わたしの恋という感情は無意味

感情を持つことをはっきり無意味だと、感じてしまった。
特に「恋」と言う感情。

一方的な恋に、何の意味も無いのだと。


本題に入る前に前置きが、長くなってしまうのだが、少しわたしの、"精神的天涯孤独感"という自分造語を何故感じるに至ったか、話をしよう。

わたしは、血の繋がった家族は居ても、その家族と心が通じたと思ったことは、あまりに少なかった。楽しかった思い出が無いわけでは無いが、むしろだからこそ、祖父から方法まで示唆して死ねと言われたり、あるいは存在価値の無いゴミ屑以下だと言われた事が、今でも生々しい傷として残ってる。たった一回。言われただけだ。

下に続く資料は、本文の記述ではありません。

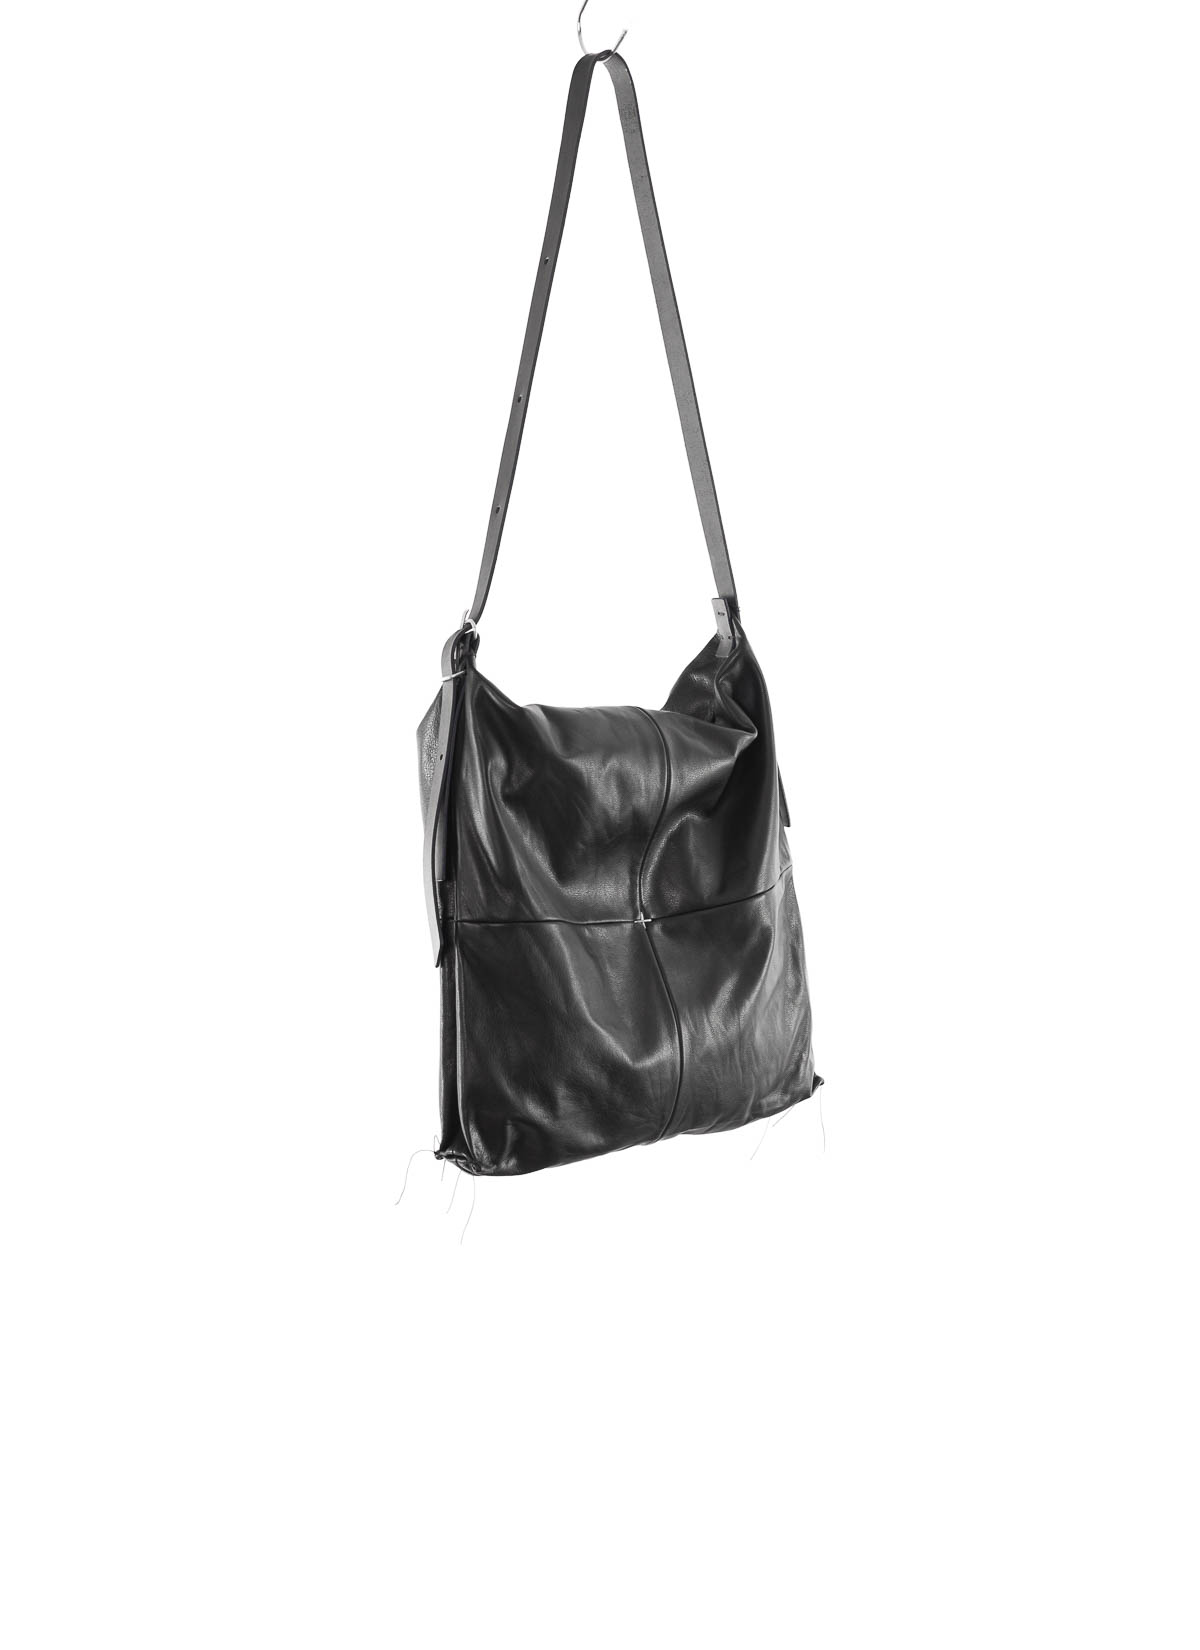 Women's Designer Handbags Tote Bag by taiche

・・・昔、肩をたたいてあげれば喜んで嬉しそうに、そして気前よくお小遣いやおやつをくれたりもした祖父。でもそれは、わたしが将来をある程度真っ当に生きられる可能性をまだ秘めていると錯覚してくれていた、幼少期だからだったのだろう。期待も何もかけられなくなったら、もうわたしなんか存在しようがしまいがどうでもいいのだ。

そんな祖父の息子の父は、わたしが死にたいことをカミングアウトした日、お前が死んだら後追いする、と答えた。…わたしはまだ10代だった。

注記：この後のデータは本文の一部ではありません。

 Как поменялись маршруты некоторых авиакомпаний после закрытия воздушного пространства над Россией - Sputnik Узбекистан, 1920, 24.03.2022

お金が稼げて頭のいい人と結婚すればある程度の幸せが保証されてると、この家に嫁に来た母は、けれどもその浅はかな勘違いは、母自身だって苦しめ続けた。
家庭内で明らかないじめがあったのだ。被害者は母で、加害者は祖父だったが、その環境で生まれたときから育ったわたしは、見事に狂った。

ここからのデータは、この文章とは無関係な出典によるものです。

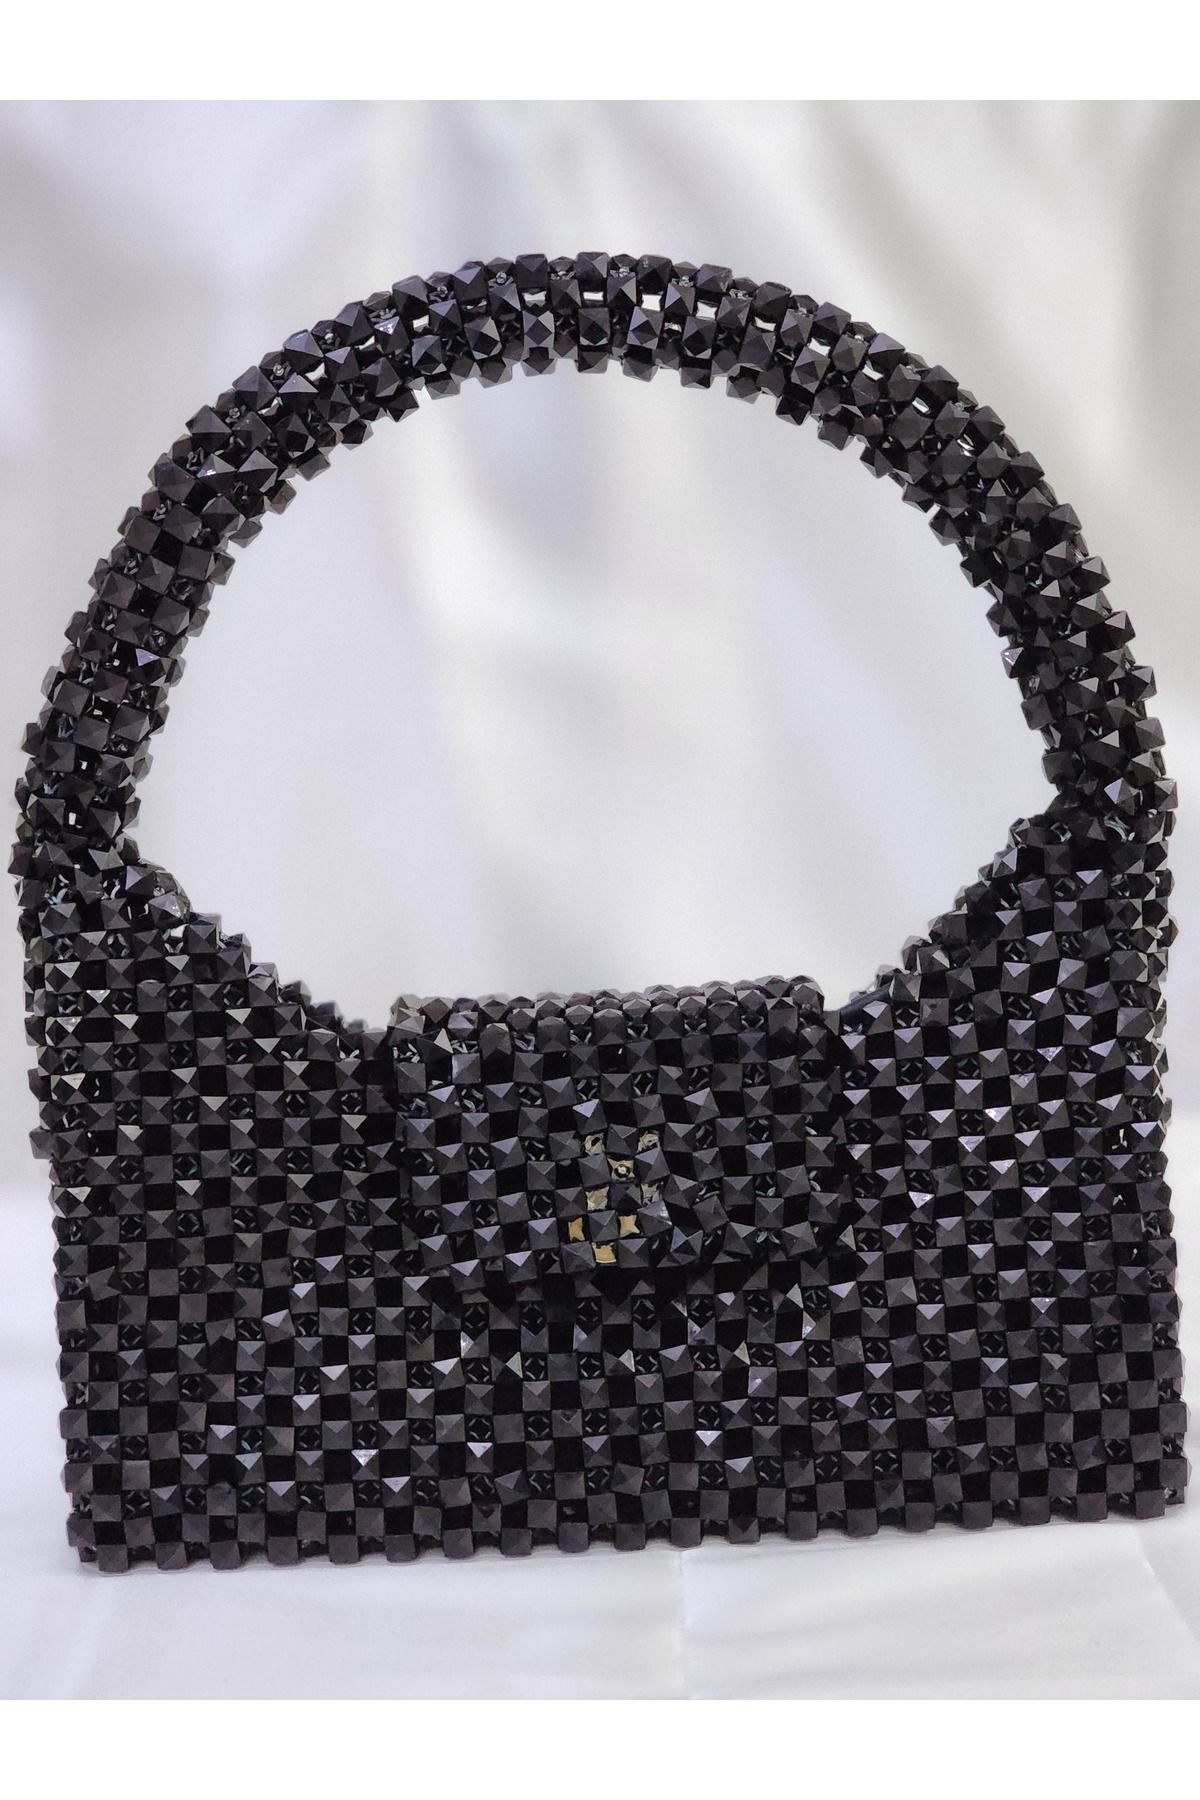 sirius art design Siyah Kristal Boncuk Çanta- Büyük Boy Davet Çantası- Içi Astarlı Çanta

母は昔、なんとなくだけど、弱い人間だった。幼いわたしが慰め愚痴を聞き続け、守らなければならなかった。……父は、部屋で特に我関せず、という感じだ。

はっきり、わたしは家の中で道化師だった。家族仲が険悪なことを知ってる。気づいてる。だから全員とある程度会話が成立するわたしが、あること無いこと適当だったかもしれないが、必死で明るい話題を、大げさに話しては、表面上は笑顔が生まれる。一瞬でいい、仲の良い家族なのだと錯覚したかった。

いずれ、(そんなこと子供のわたしに続けられるはずも無かったのだから、)限界が来てしまったけれど。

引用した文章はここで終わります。